If you have to sell a home to make the move to assisted living, having a licensed real estate agent who is familiar with the unique challenges that may occur selling a senior’s home is important. That’s why the National Association of Realtors created a special designation for realtors who work with seniors. By taking the Seniors Real Estate Specialist (SRES) course, realtors learn:

  • Key differences in housing options, from age-restricted communities to age-in-place design to assisted living
  • Applications of the Housing for Older Persons Act (HOPA)
  • Ins and outs of reverse mortgages
  • How to use pensions, 401k accounts and IRAs in real estate transactions
  • Ways in which Medicare, Medicaid and Social Security affect real estate decisions of clients and customers who are 50+
  • How to recognize and protect their clients from mortgage finance and loan schemes and scams that target 50+ borrowers

Visit the SRES website and use your zip code to search their database for a specialist near you.

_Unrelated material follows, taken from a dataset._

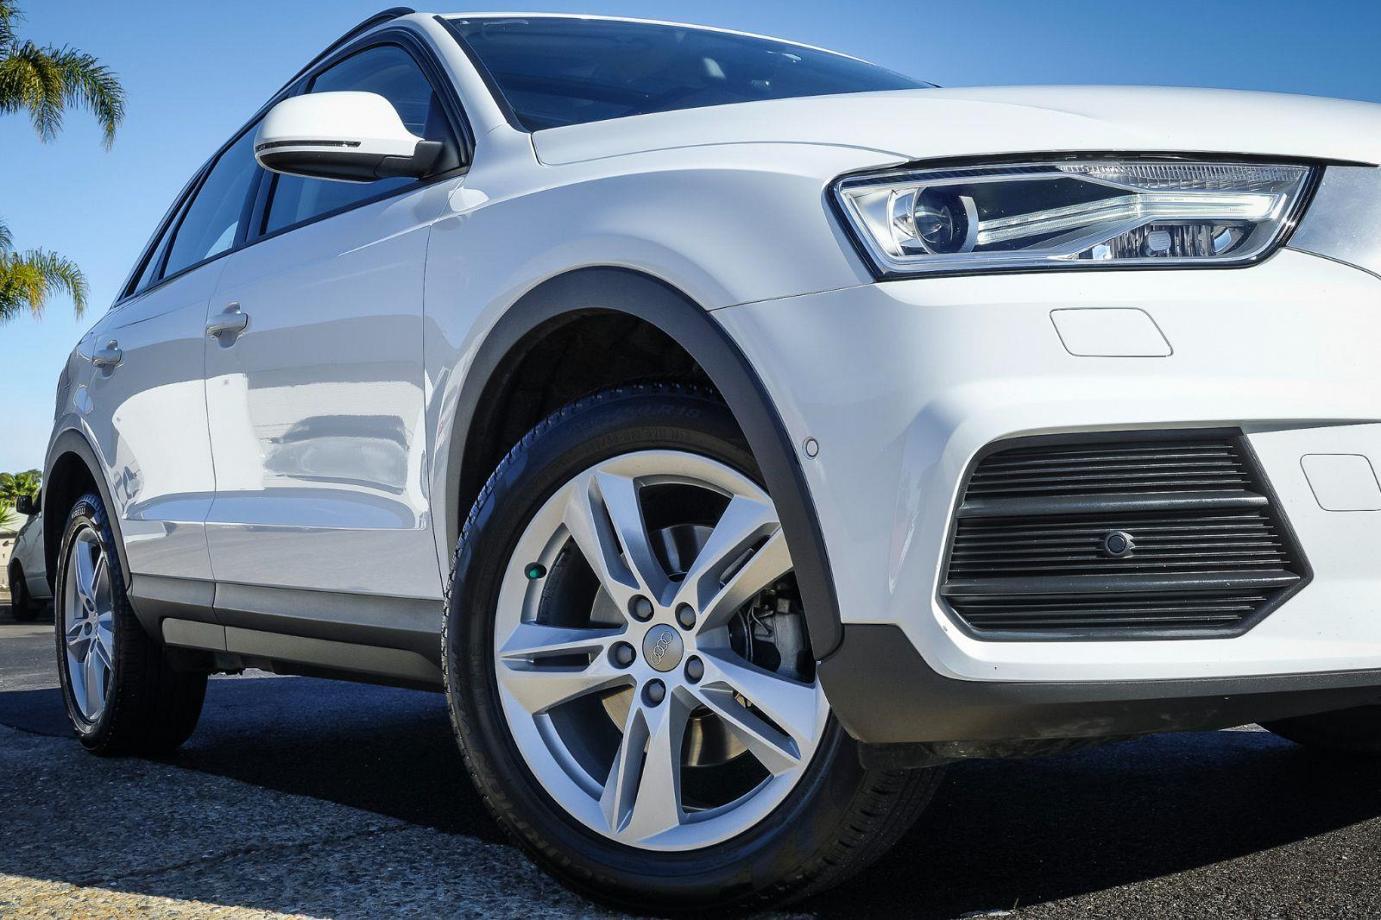 2016 Audi Q3 8U MY17 TFSI. Wagon 5dr S tronic 6sp 1.4T 110kW
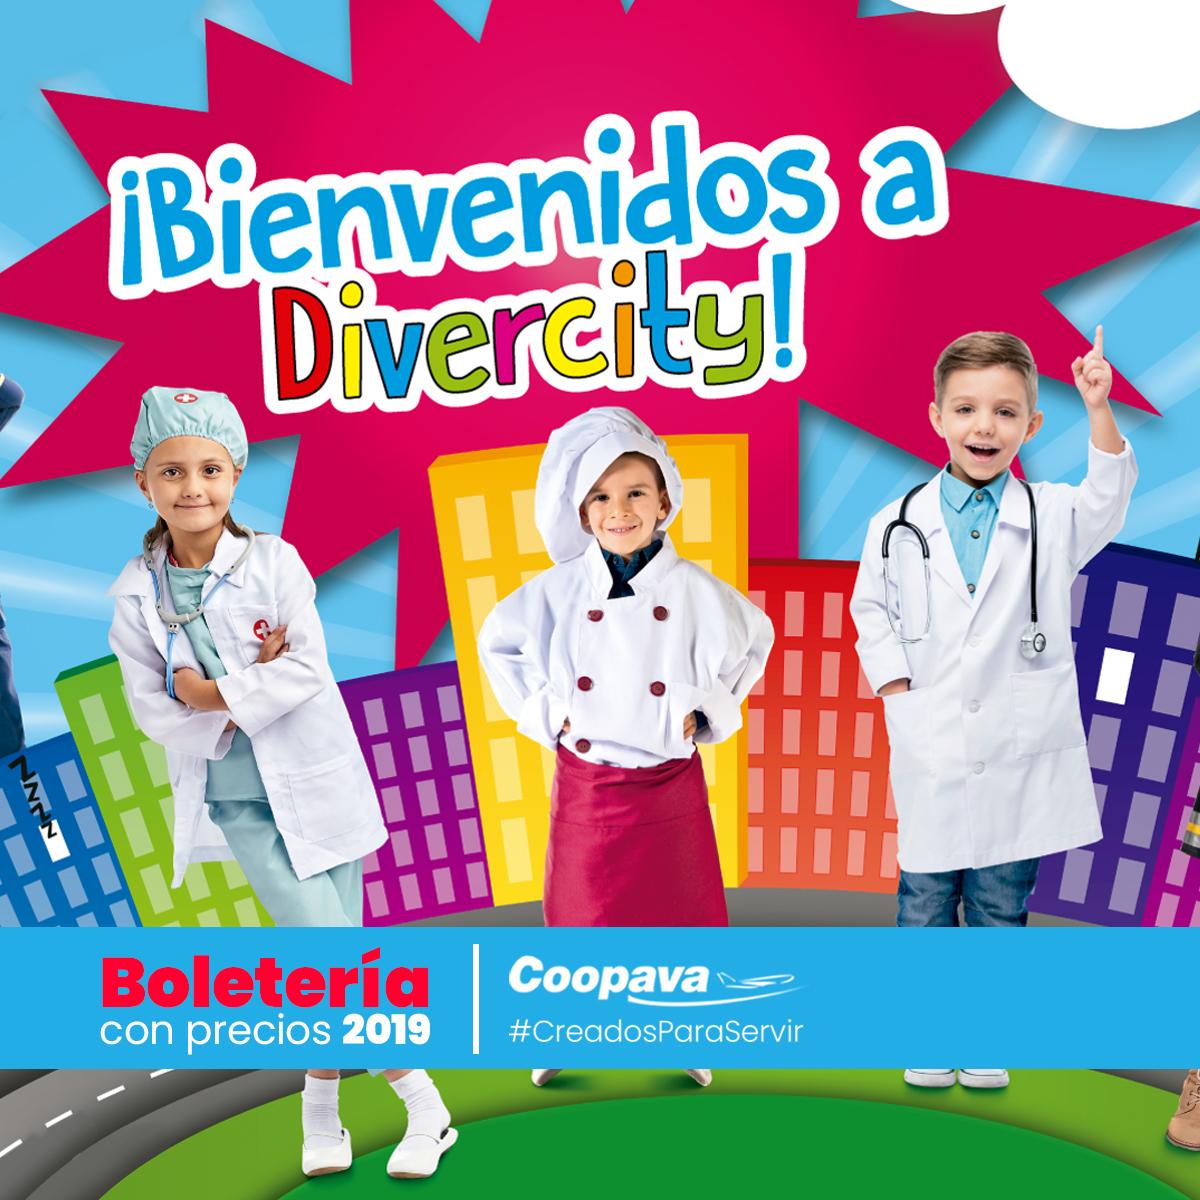 BOLETERIA DIC¿VERCITY+.jpg (772 KB)

Interview Potential Real Estate Agents

Once you’ve found a few realtors who seem like they might be good options, interview them before deciding which agent to hire. Here are 10 great questions to ask a prospective real estate agent:
  • How many older adults have you helped sell their homes?
  • On average, how close to the asking price is the final sale price on homes you have sold?
  • What do you do differently when approaching the sale of a senior’s home, as opposed to that of a younger family?
  • Is there an optimal month to try to sell a home in my area?
  • What will you do to market the home?
  • What are some improvements we can make to the home?
  • Do you work on your own or as part of a team?
  • How many clients are you currently representing?
  • How will you keep me informed about progress?
  • Can I see your references?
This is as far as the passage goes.